In 2005 de Crignis wrote about his paintings as works in progress, one decision leading to the next without a preordained plan. Above all, though, his goal was for his painting to be perceived as an experience. As Ken Johnson of the New York Times wrote, “At once formally severe and materially luxurious, Mr. de Crignis's paintings bridge the gap between the perceptual and the transcendental.”
MATRIX 245 is organized by Chief Curator and Director of Programs and Collections Lucinda Barnes in collaboration with the Estate of Rudolf de Crignis. The MATRIX Program is made possible by a generous endowment gift from Phyllis C. Wattis and the continued support of the BAM/PFA Trustees.
Rudolf de Crignis New York 1985–2006
Foreword by Lawrence Rinder. Text by Georg Imdahl. Interview with the artist by Joseph Cunningham.
Published by Radius Books
Hardcover, 9.5 x 12.5 in., 256 pgs., 120 color illustrations
Publication date: Spring 2013
Related Public Program
Wednesday, March 6, noon
Rudolf de Crignis and Color: Lawrence Rinder and Karen Schloss in Conversation
How do we perceive color spatially, perceptually, and emotionally? Join us for an exploration of these questions and others at this event celebrating Rudolf de Crignis / MATRIX 245 and marking the recent publication of Rudolf de Crignis New York 1985–2006, published by Radius Books and with a foreword by Director Lawrence Rinder. Rinder talks with Karen B. Schloss, a postdoctoral researcher in the Palmer Visual Perception and Aesthetics Lab at UC Berkeley, who specializes in color perception and behavioral studies of aesthetics.

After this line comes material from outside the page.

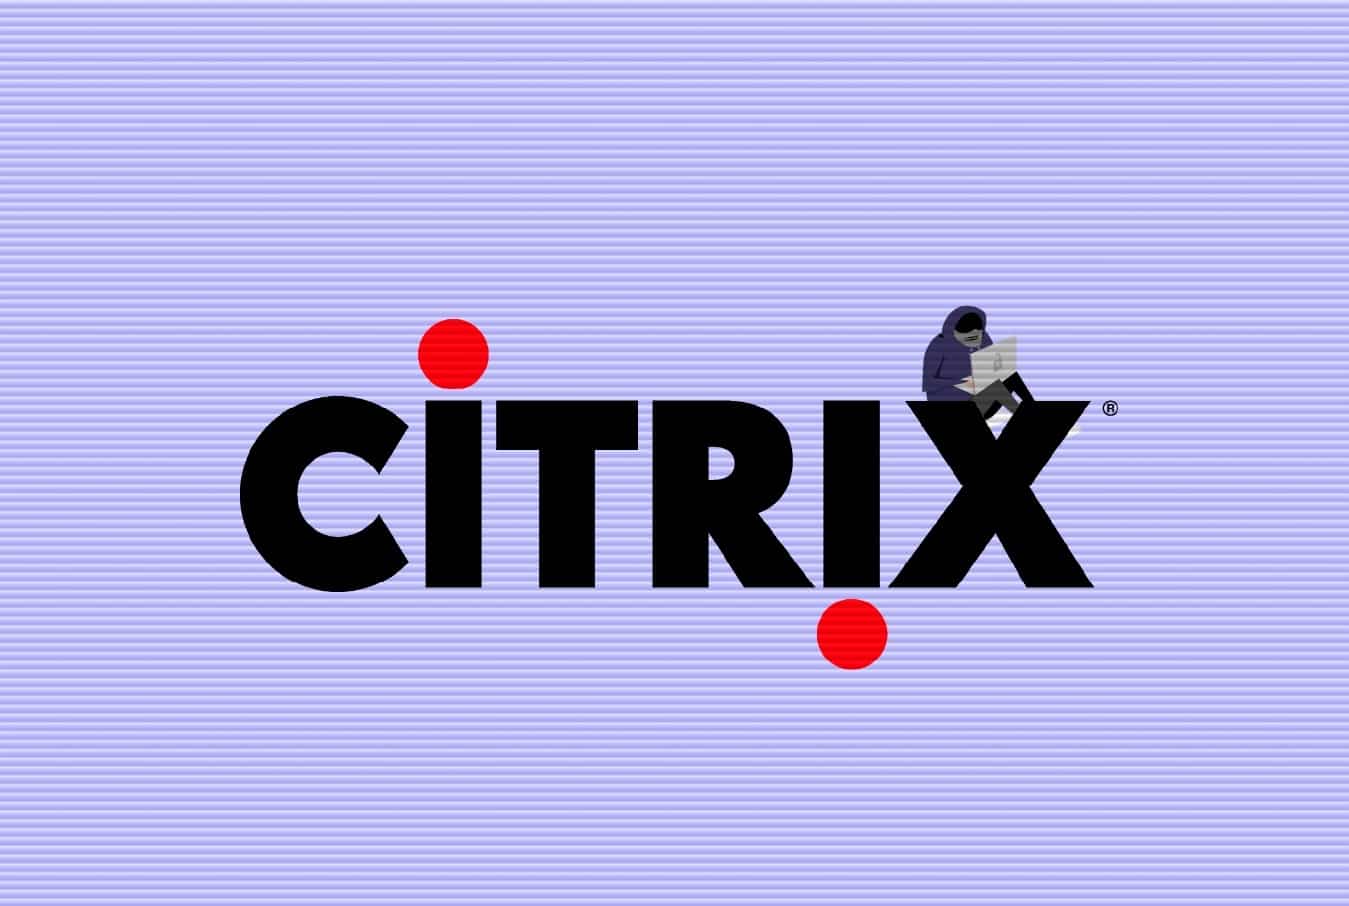 Citrix allegedly hacked exposing database with 2000,000 users

Following the conversation, Rinder will sign copies of the book.
Included with museum admission
Founded in 1963, the UC Berkeley Art Museum and Pacific Film Archive (BAM/PFA) is UC Berkeley’s primary visual arts venue and among the largest university art museums in terms of size and audience in the United States. Internationally recognized for its art and film programming, BAM/PFA is a platform for cultural experiences that transform individuals, engage communities, and advance the local, national and global discourse on art and ideas. BAM/PFA’s mission is “to inspire the imagination and ignite critical dialogue through art and film.”
BAM/PFA presents approximately fifteen art exhibitions and 380 film programs each year. The museum’s collection of over 16,000 works of art includes important holdings of Neolithic Chinese ceramics, Ming and Qing Dynasty Chinese painting, Old Master works on paper, Italian Baroque painting, early American painting, Abstract Expressionist painting, contemporary photography, and video art. Its film archive of over 14,000 films and videos includes the largest collection of Japanese cinema outside of Japan, Hollywood classics, and silent film, as well hundreds of thousands of articles, reviews, posters, and other ephemera related to the history of film, many of which are digitally scanned and accessible online.
Location: 2626 Bancroft Way, just below College Avenue across from the UC Berkeley campus.